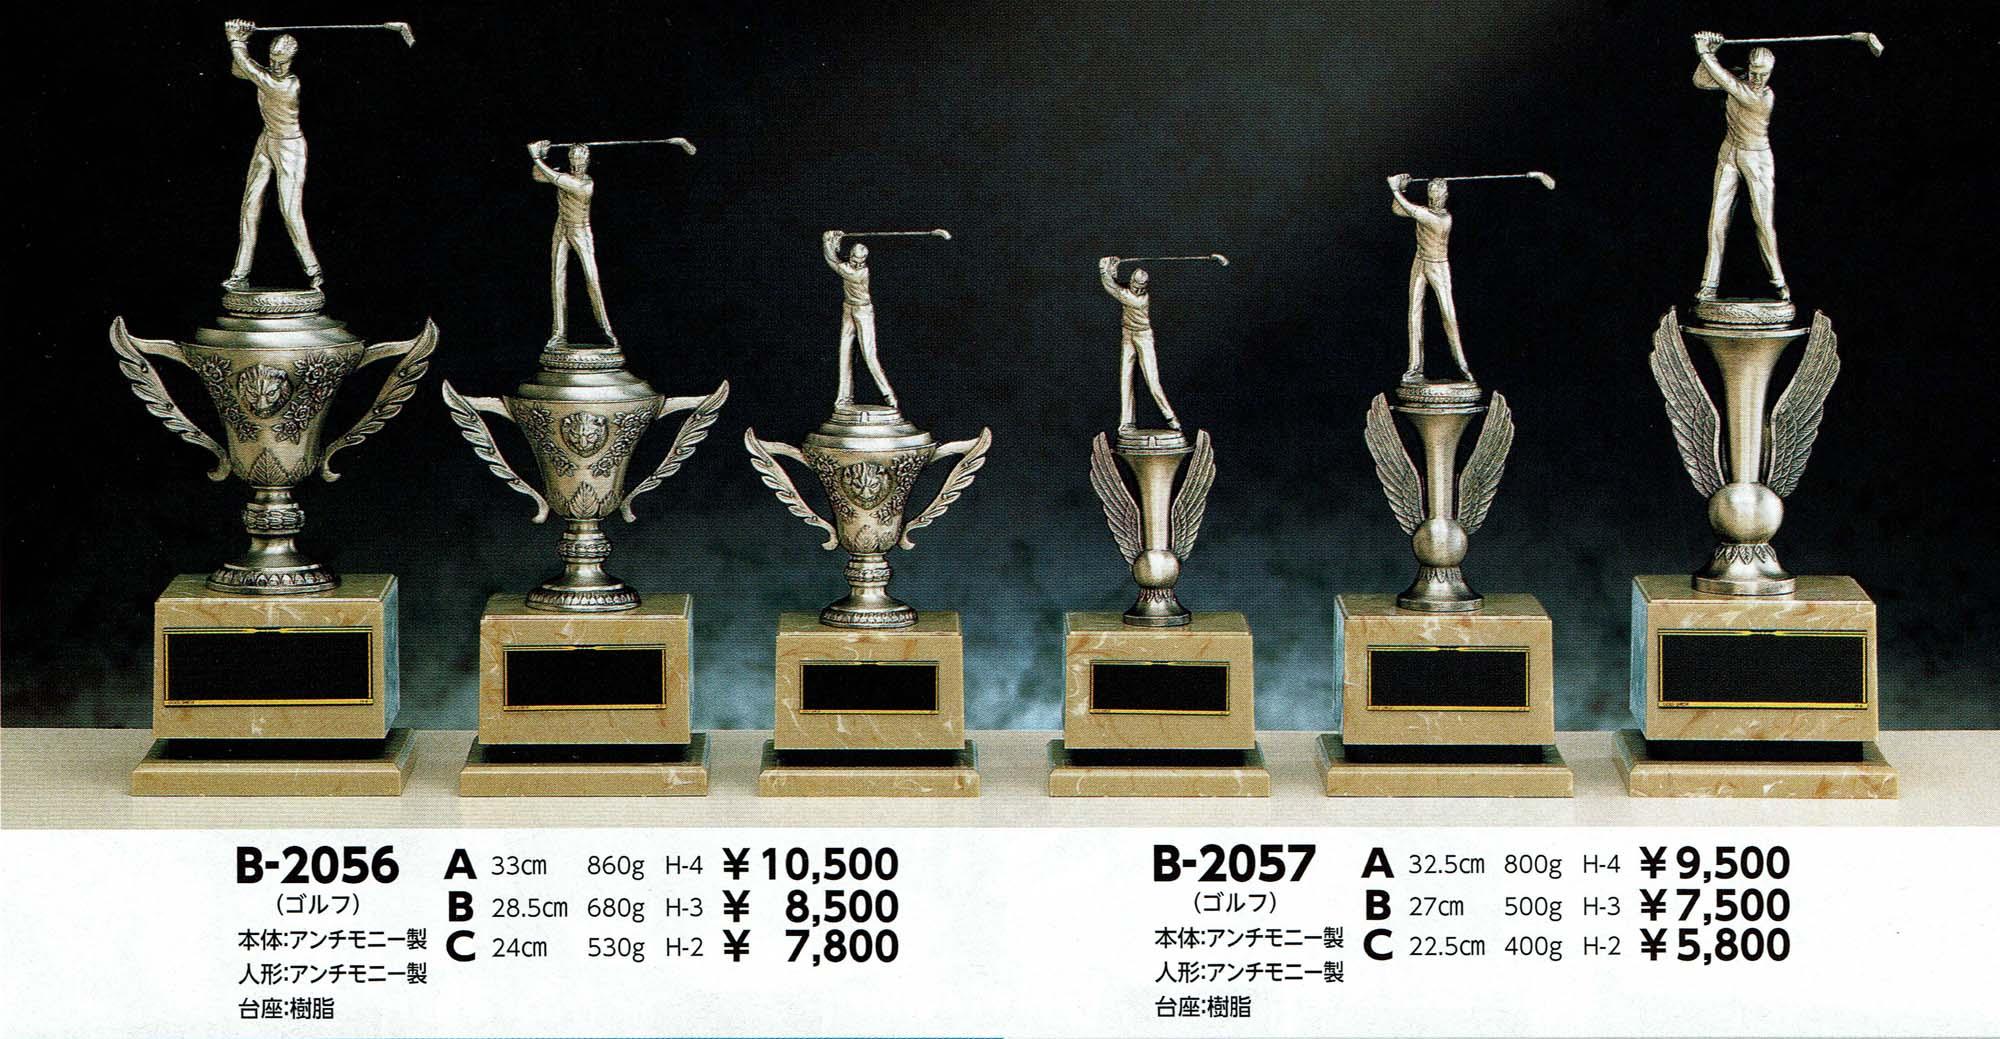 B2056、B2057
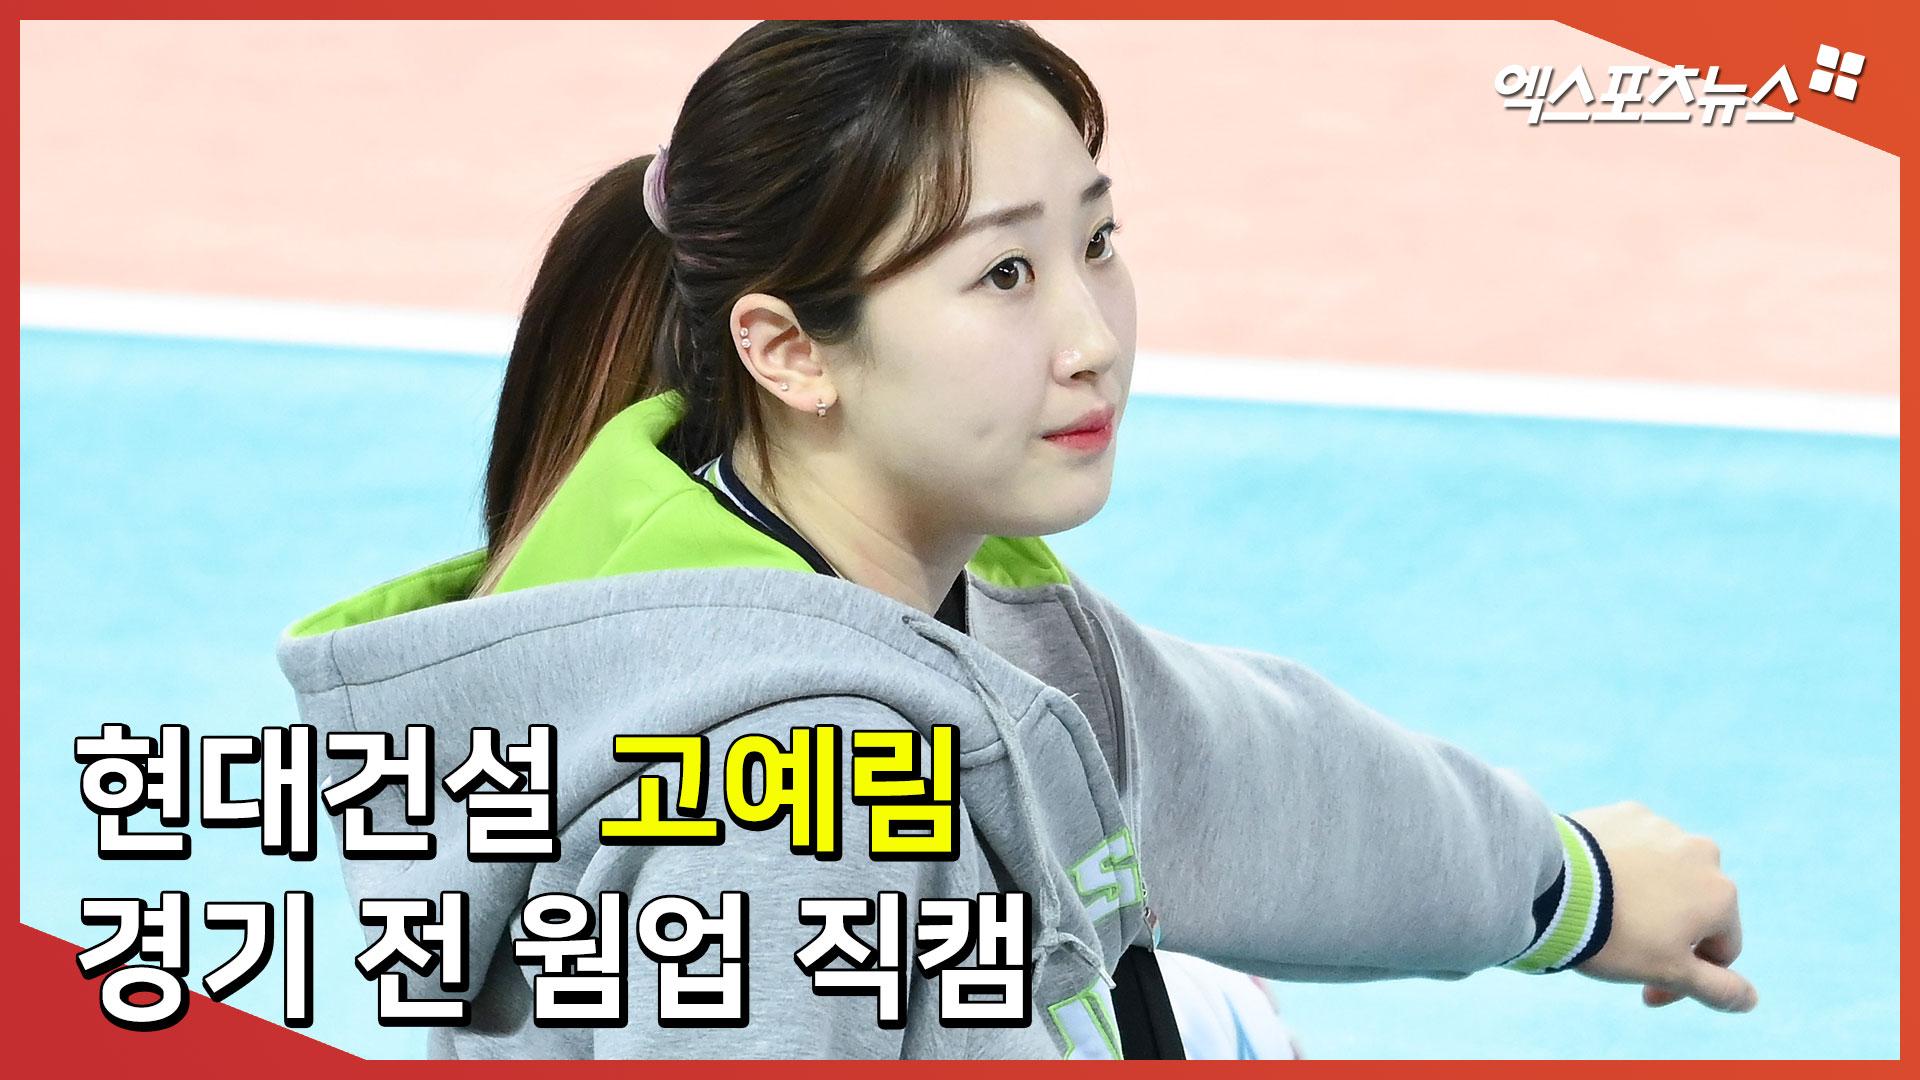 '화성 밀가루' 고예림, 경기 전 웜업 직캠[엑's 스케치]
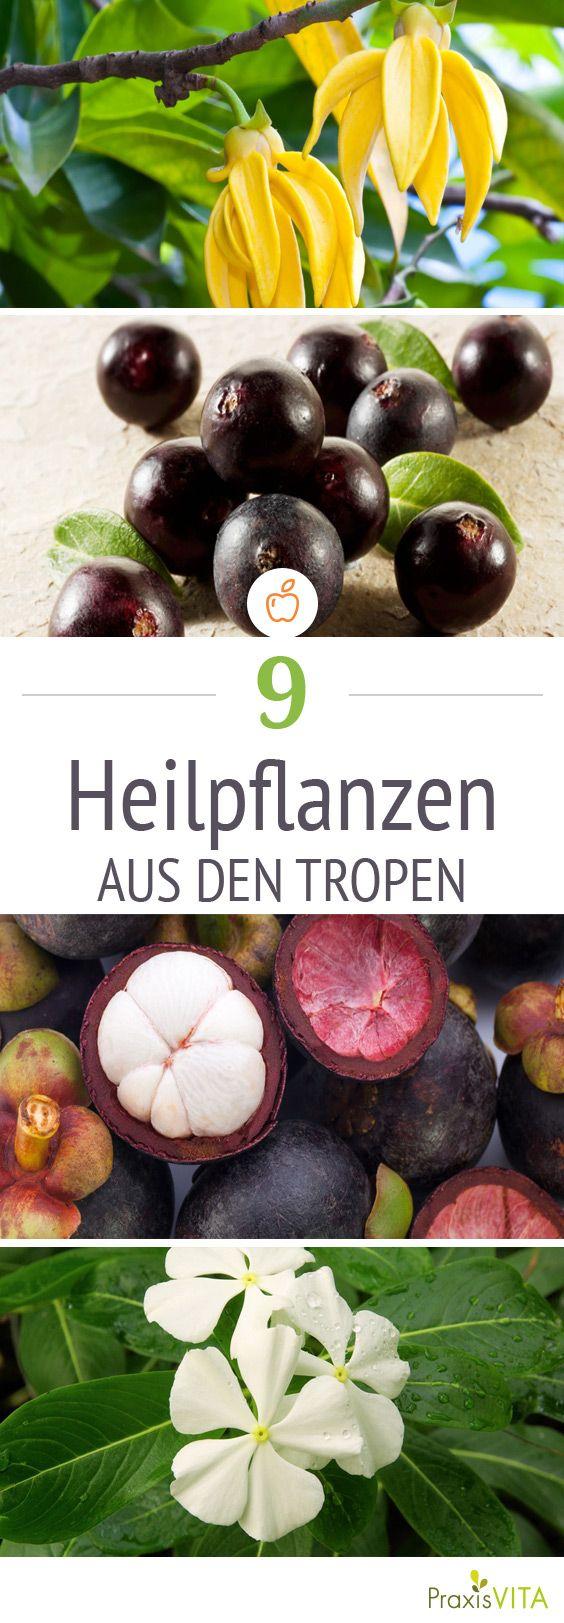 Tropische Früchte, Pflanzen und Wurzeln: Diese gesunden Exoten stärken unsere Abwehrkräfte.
--------
**Work task**:
From the line containing "웜업 직캠[엑's 스케치]" to the final line above, both included, transcribe every line exactly and leave all pictures out.

**Answer to the problem**:
 '화성 밀가루' 고예림, 경기 전 웜업 직캠[엑's 스케치]
 Tropische Früchte, Pflanzen und Wurzeln: Diese gesunden Exoten stärken unsere Abwehrkräfte.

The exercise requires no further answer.